3 AI Stocks Down Up to 45%: Are They Bargains or Traps?
3 AI Stocks Down Up to 45% from 52-Week Highs

Global enthusiasm for artificial intelligence (AI) stocks is showing signs of strain, with investors beginning to question if the sector is overheating. As capital potentially rotates away from over-owned markets, Indian companies linked to the AI theme have witnessed significant corrections. Three prominent stocks—Cyient Ltd, Oracle Financial Services Software Ltd (OFSS), and Tata Elxsi Ltd—are currently trading at substantial discounts, down between 32.5% and 44.5% from their respective 52-week highs recorded in late 2024.

Significant Declines Amid Broader AI Concerns

While AI continues to be a dominant global growth driver, influencing GDP more than consumer spending in some analyses, fears of a bubble are mounting. This has led to a cautious stance, with global investors eyeing markets like India. For bargain hunters, this correction presents a potential opportunity, though experts urge caution, emphasizing that these are not pure-play AI companies and their recent performance has been mixed.

Cyient Ltd: Engineering Firm Bets Big on AI Silicon

Cyient Ltd, a global engineering and technology solutions provider, has aggressively integrated AI and Generative AI across its operations. A key strategic move was its acquisition of a 27.3% stake in Azimuth AI in 2024, a fabless custom ASIC company. This partnership bore fruit in November 2025 with the launch of ARKA GKT 1, hailed as India's first-generation intelligent power silicon chip for ultra-low power edge AI applications.

Despite this innovation, the stock has faced severe pressure. As of December 12, 2025, it traded at ₹1,167.3, a steep 44.5% fall from its 52-week high of ₹2,106 (December 16, 2024). The decline has been fueled by consistent selling by foreign institutional investors (FIIs) and weak quarterly results. For the reported quarter, Cyient's revenue declined 3.7% year-on-year to ₹1,780 crore, while net profit plunged 23.42%.
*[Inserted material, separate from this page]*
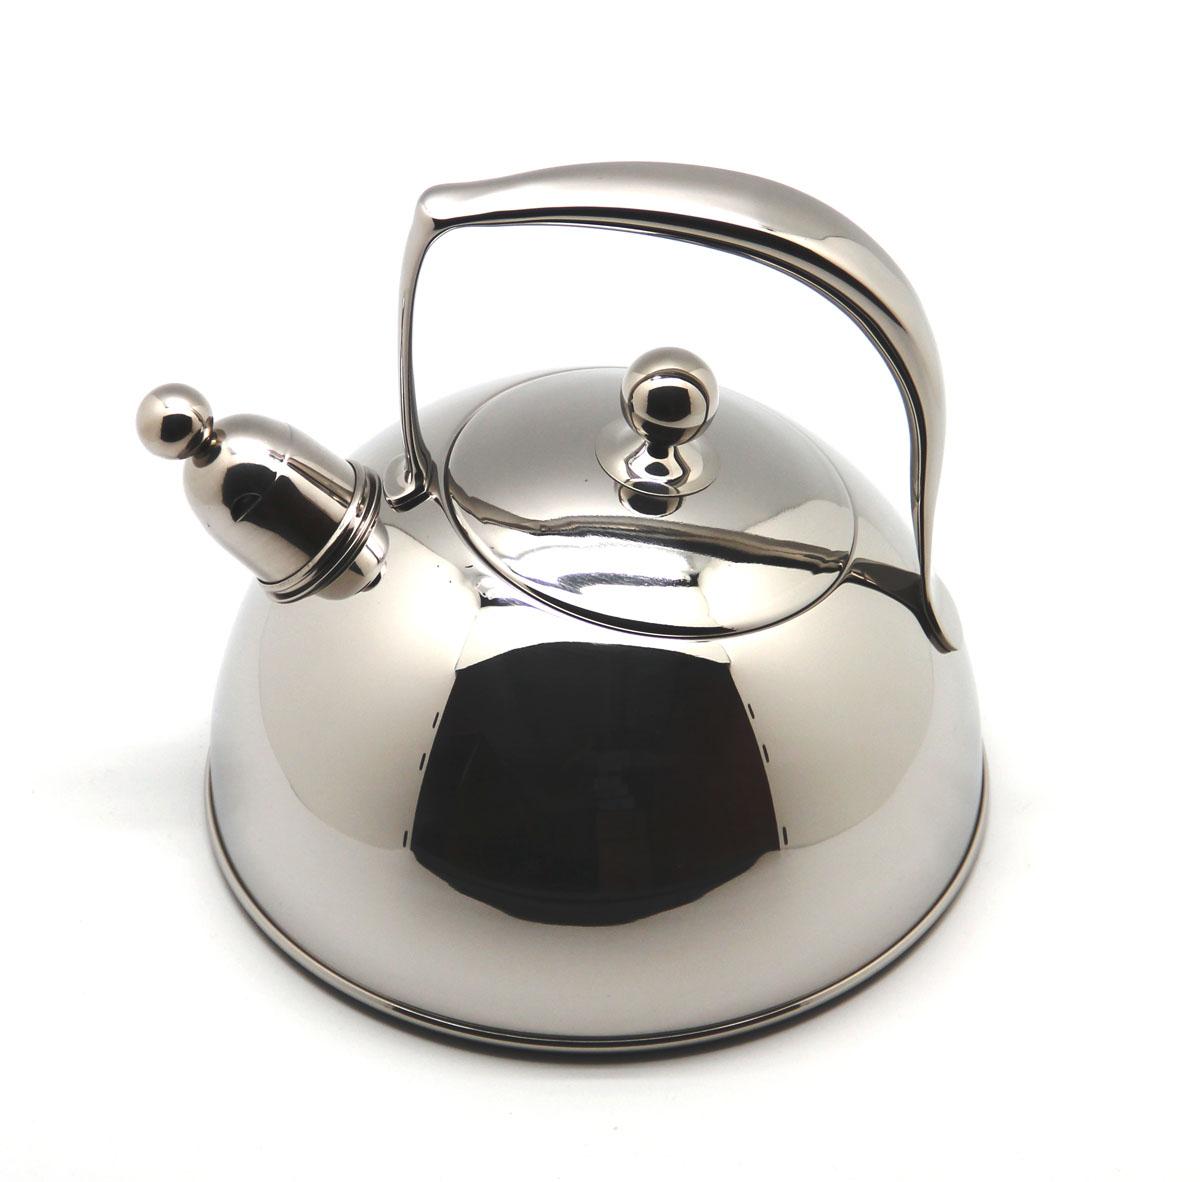 Чайник Silampos Жасмин со свистком, 2 л94672Чайник Silampos Жасмин изготовлен из высококачественной нержавеющей стали. Этот материал обладает высокой стойкостью к коррозии и кислотам. Прочность, долговечность и надежность этого материала, а также первоклассная обработка обеспечивают практически неограниченный запас прочности и неизменно привлекательный внешний вид. Чайник оснащен ручкой удобной формы. Благодаря широкому верхнему отверстию, в чайник удобно заливать воду и прочищать его изнутри. Носик чайника имеет свисток, оповещающий о закипании воды. Можно использовать на газовых, электрических, галогенных, стеклокерамических, индукционных плитах. Не рекомендуется мыть в посудомоечной машине.

Oracle Financial Services Software: Banking Tech Giant Faces Promoter Selling

Oracle Financial Services Software (OFSS) offers AI and machine learning-enabled solutions to the financial services industry, built on a modern microservices architecture. However, its stock has not been immune to the sell-off, dropping 39.5% to ₹7,987 from its peak of ₹13,203.6 (December 30, 2024).

A major factor behind this drop is ongoing promoter selling. Financially, the September 2025 quarter presented a mixed picture: revenue grew 6.9% to ₹1,780 crore, but net profit fell 5.5% to ₹550 crore. The company continues to focus on expanding its global footprint through enhanced sales and marketing efforts.

Tata Elxsi: Design Leader Sees Profit Squeeze

A veteran in the design and technology space, Tata Elxsi has over a decade of AI experience, supported by platforms like TEDAX and IRIS. It bolstered its capabilities in July 2025 by partnering with San Francisco's KAVIA AI to integrate AI-powered automation in software development.

Nevertheless, the stock has corrected by 32.5%, falling to ₹5,029.7 from its high of ₹7,448.8 (December 12, 2024). Stake reductions by both promoters and FIIs in the September 2025 quarter contributed to the decline. The company's operational performance weakened, with revenue dropping to ₹920 crore from ₹960 crore a year earlier, and net profit witnessing a sharp 32.5% year-on-year decline to ₹150 crore.

Investment Outlook: Caution Amid the Long-Term Promise

India's AI ecosystem is poised for explosive growth, with the IT sector projected to expand from $264 billion to over $400 billion by 2030, driven significantly by AI adoption. Stocks trading at a deep discount to recent highs may seem attractive for investors betting on this long-term digital transformation.

However, the recent financial results of these companies highlight the inherent volatility and risks. Investors are strongly advised to look beyond the "AI" label and conduct thorough due diligence. Key factors to consider include:

  • Company fundamentals and sustainable revenue growth.
  • Quality of corporate governance.
  • Reasonable stock valuations even after the fall.
  • The specific roadmap and monetisation potential of their AI initiatives.

While the AI revolution is undeniable, stock selection in this space requires a careful assessment of business strength and a tolerance for potential short-term turbulence.